La valentía del emprendimiento
Aunque después ha desarrollado su carrera profesional en firmas como Wells Fargo Advisors, no fue hasta 2021 cuando, junto con otros cuatro equipos independientes de gestión patrimonial global, López sumó su proyecto The Lopez Private Wealth Group a la creación de Excelsis Global Private Wealth, en asociación con Sanctuary Wealth.
“La relación que había cultivado con los fundadores de Sanctuary Wealth durante mi tiempo en Merrill Lynch fue clave para esta transición. Su confianza en nuestra misión y visión nos permitió colaborar en el desarrollo de un modelo independiente y boutique diseñado para superar las expectativas de nuestros clientes de altos patrimonios. Sanctuary Wealth no solo comparte nuestra filosofía, sino que proporciona una plataforma integral que abarca productos, innovación tecnológica y soporte operativo, lo que nos permite enfocarnos en brindar un servicio verdaderamente personalizado y de clase mundial”, explica.

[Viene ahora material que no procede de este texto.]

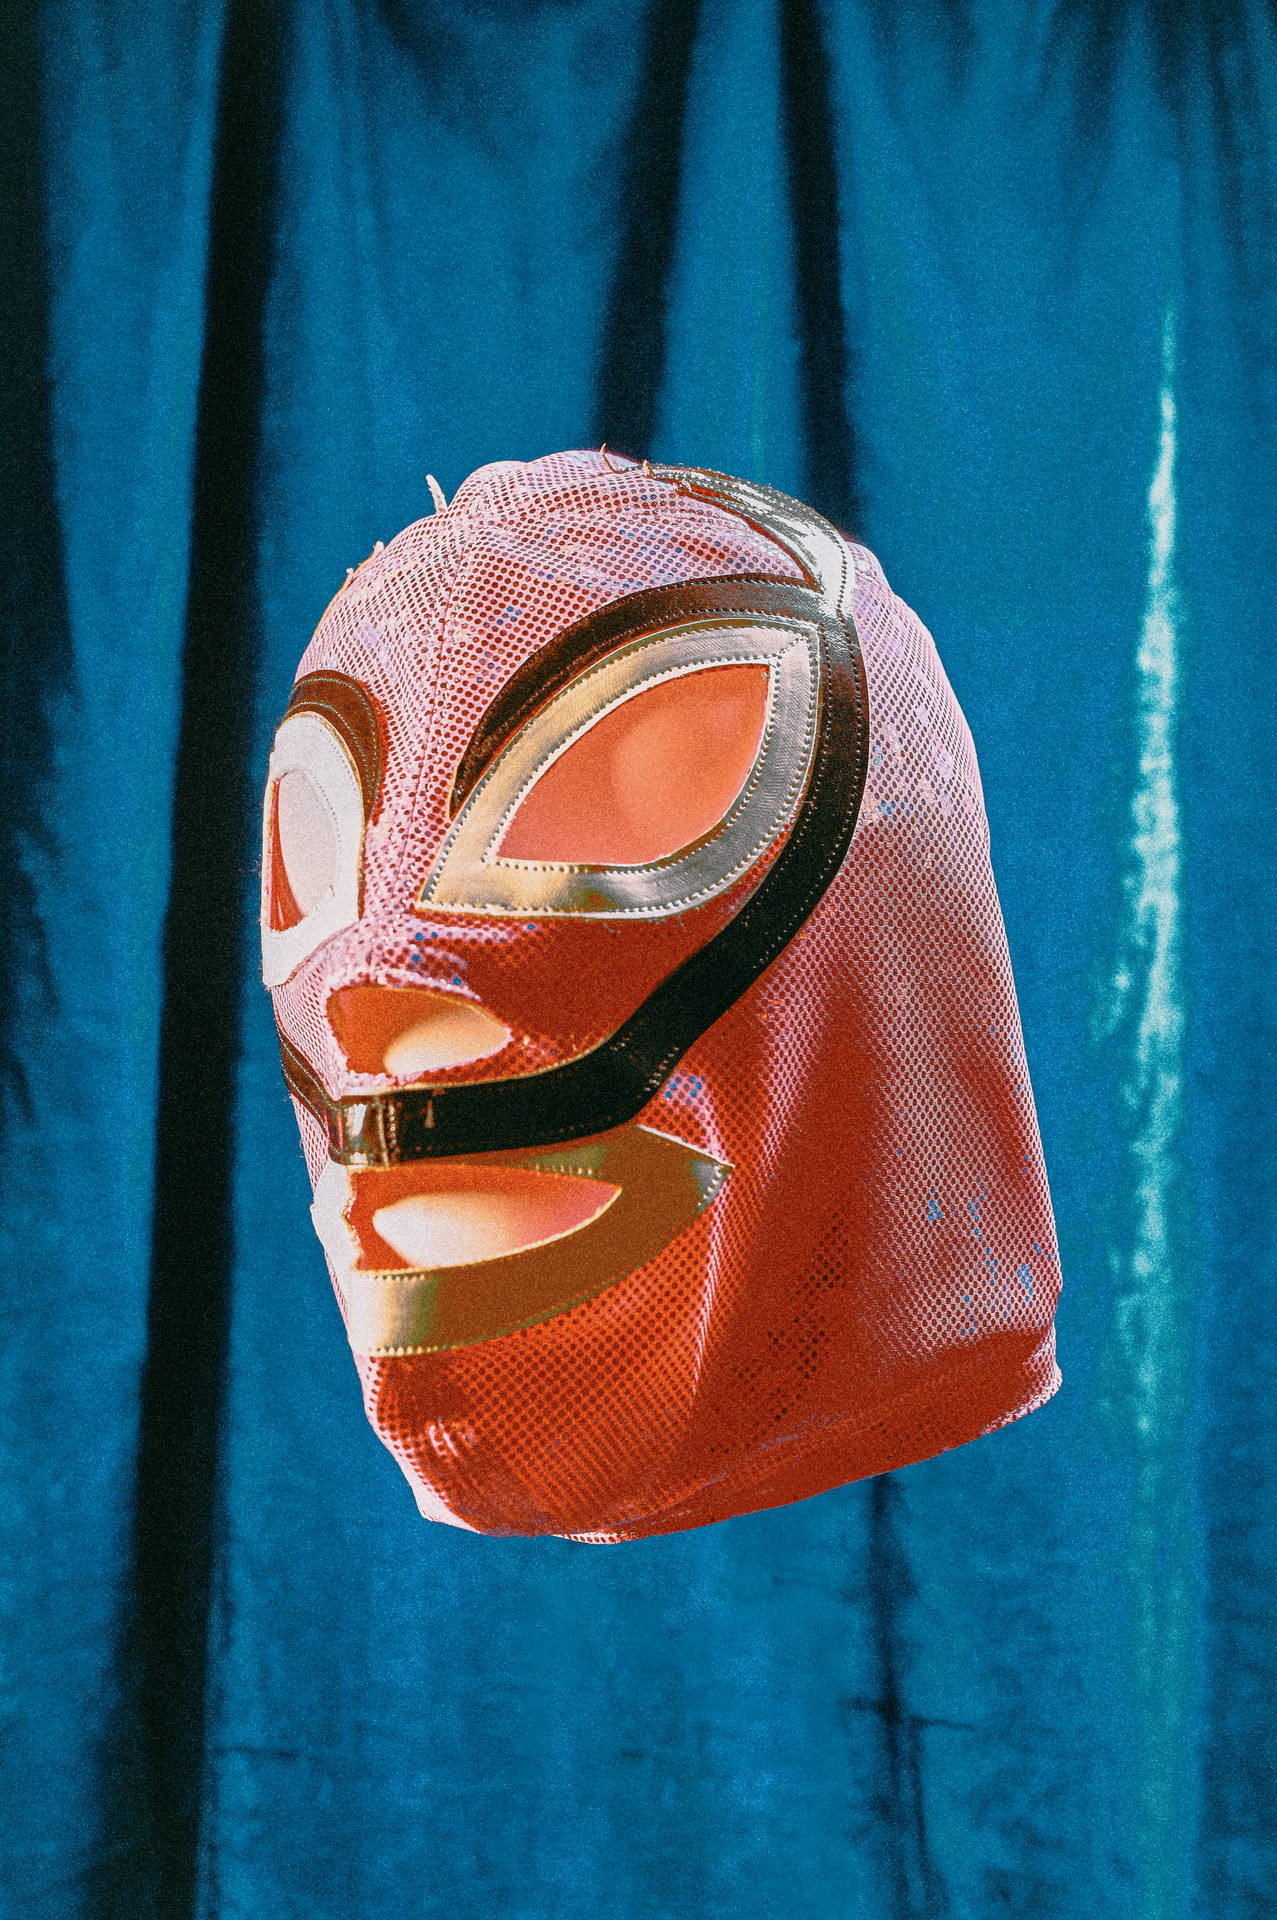 "Mask Ready; Wrestler Ready!" Wallpaper

En lo que respecta a sus decisiones de negocio, el balance de Lopez es claro: “The Lopez Private Wealth Group representa el compromiso con la excelencia que siempre me ha guiado. Nuestra misión es proporcionar experiencia financiera de primer nivel, servicio personalizado y estrategias innovadoras que brinden valor a cada etapa de la vida y a cada generación de las familias que servimos”.
Entorno de concentración
Una misión que sigue inalterable, pese a estar en un entorno de negocio marcado por la fuerte consolidación, sofisticación y redefinición del modelo de asesoramiento. En su opinión, cada una de estas dimensiones está ocurriendo simultáneamente y se están entrelazando para darle forma a una nueva era en la industria del wealth management.
“La consolidación se refleja en el auge de modelos independientes y RIAs, que ofrecen más autonomía y competitividad a los asesores. Más asesores están migrando hacia modelos que les permiten operar con mayor autonomía y control sobre sus prácticas, ya sea asociándose con plataformas como Sanctuary Wealth que ofrecen flexibilidad sin perder acceso a herramientas de alto nivel, o incluso construyendo sus propios modelos desde cero”, afirma.
Para López, la sofisticación se observa en la demanda de servicios integrales y personalizados, similares a los family offices, que antes eran exclusivos para ultrarricos y ahora se extienden a más clientes. “Por último, la redefinición está impulsada por cambios demográficos, tecnológicos y culturales, como el traspaso generacional de riqueza, que exige a los asesores adaptarse a nuevas expectativas de personalización, tecnología avanzada y conexión humana, para no perder activos clave”, añade.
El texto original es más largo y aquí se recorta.